Updated by Sage Weil about 7 years ago
- Project changed from devops to Ceph
- Priority changed from High to Urgent
Updated by Sage Weil almost 7 years ago
- Status changed from New to 12
- Priority changed from Urgent to Immediate
confirmed this is a problem;
- ceph-deploy does systemctl enable ceph-mon@$hostname
- after reboot i see
root@smithi203:~# systemctl | grep ceph ceph.target loaded active active ceph target allowing to start/stop all ceph*@.service instances at once root@smithi203:~# systemctl status ceph-mon@smithi203 * ceph-mon@smithi203.service - Ceph cluster monitor daemon Loaded: loaded (/lib/systemd/system/ceph-mon@.service; enabled; vendor preset: enabled) Active: inactive (dead) root@smithi203:~# systemctl enable ceph-mon@smithi203 root@smithi203:~# systemctl status ceph-mon@smithi203 * ceph-mon@smithi203.service - Ceph cluster monitor daemon Loaded: loaded (/lib/systemd/system/ceph-mon@.service; enabled; vendor preset: enabled) Active: inactive (dead) root@smithi203:~# systemctl start ceph-mon@smithi203 root@smithi203:~# systemctl status ceph-mon@smithi203 * ceph-mon@smithi203.service - Ceph cluster monitor daemon Loaded: loaded (/lib/systemd/system/ceph-mon@.service; enabled; vendor preset: enabled) Active: active (running) since Wed 2017-06-28 19:27:46 UTC; 1s ago Main PID: 6093 (ceph-mon) CGroup: /system.slice/system-ceph\x2dmon.slice/ceph-mon@smithi203.service `-6093 /usr/bin/ceph-mon -f --cluster ceph --id smithi203 --setuser ceph --setgroup ceph Jun 28 19:27:46 smithi203 systemd[1]: Started Ceph cluster monitor daemon.
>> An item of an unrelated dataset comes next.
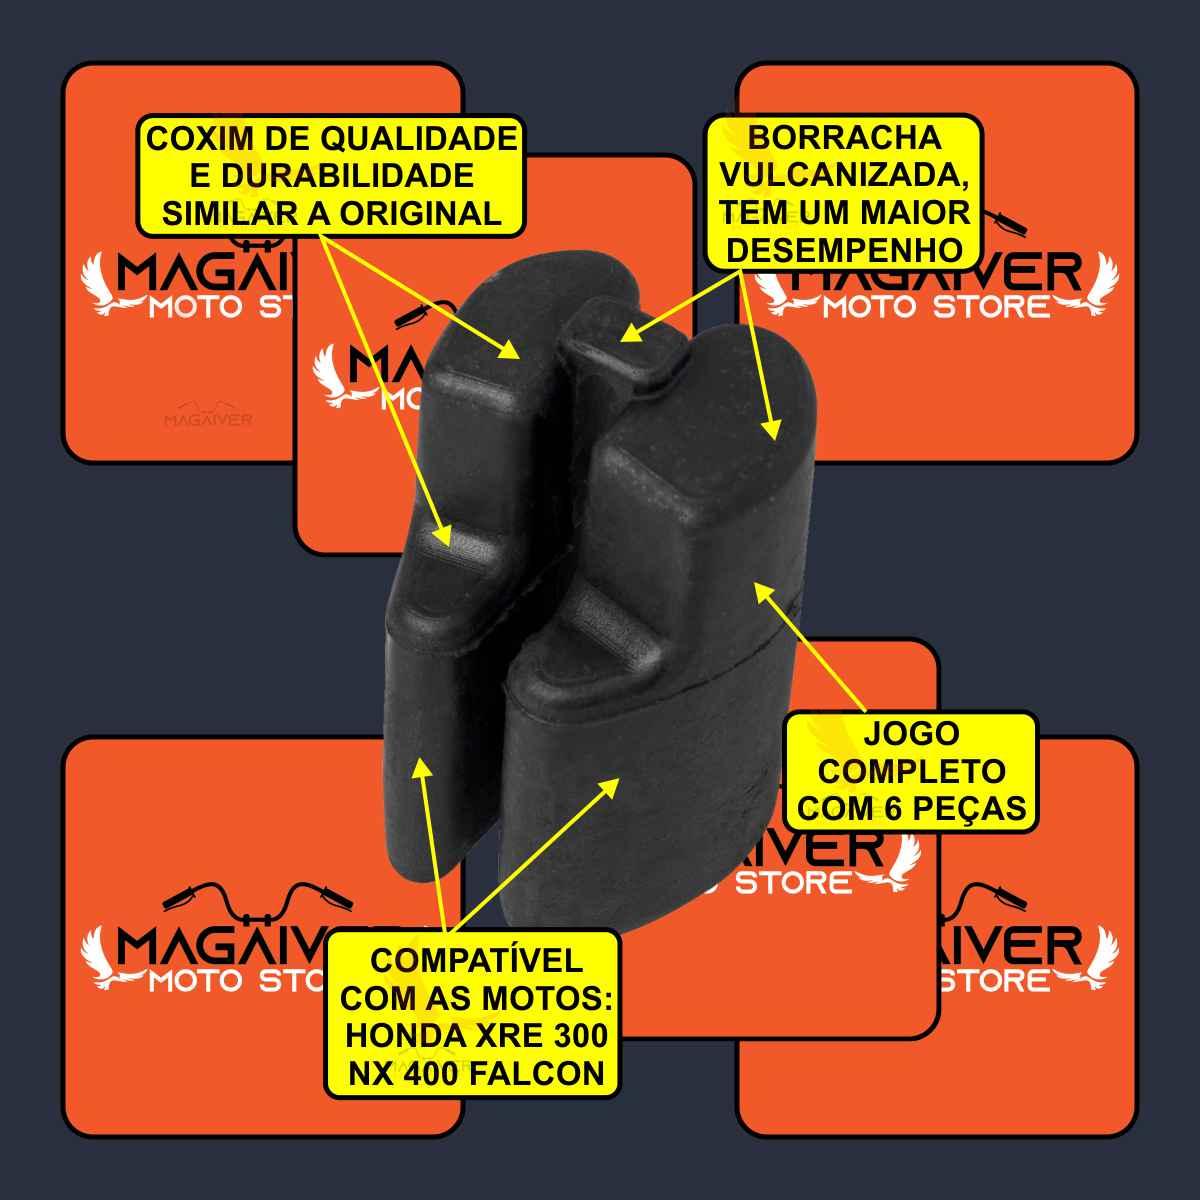 JOGO COXIM BORRACHA BUCHA DA COROA CUBO RODA TRASEIRO MOTO NX 400 FALCON XRE 300 + GRAXA SPRAY 60ml
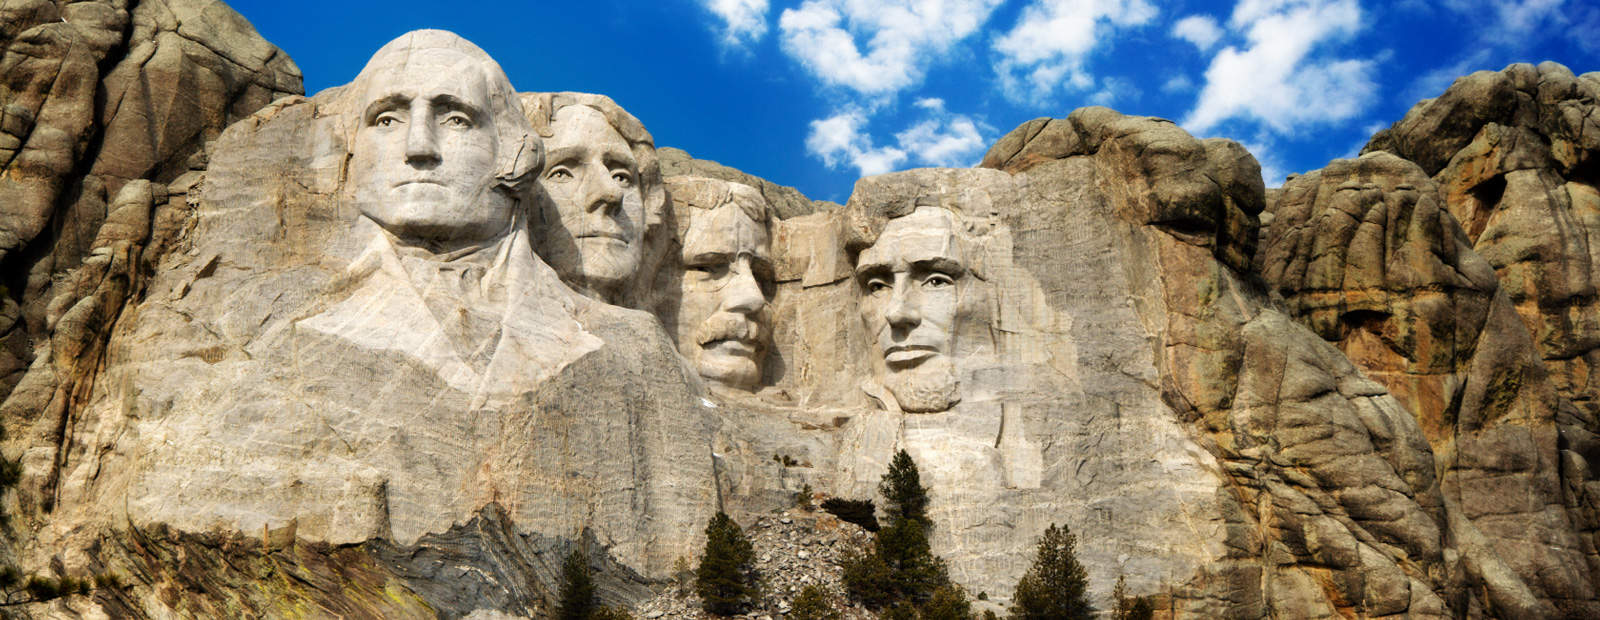 Mount Rushmore – famous sculpture

- if i reboot it is the same (enabled but not started)
??
Updated by Kefu Chai almost 7 years ago
# /usr/bin/ceph-mon -f --cluster ceph --id smithi203 --setuser ceph --setgroup ceph Corruption: VersionEdit: unknown tag 2017-07-06 15:20:55.802529 7f5df0490700 -1 error opening mon data directory at '/var/lib/ceph/mon/ceph-smithi203': (22) Invalid argument
seems the monstore of mon.smithi203 is corrupted.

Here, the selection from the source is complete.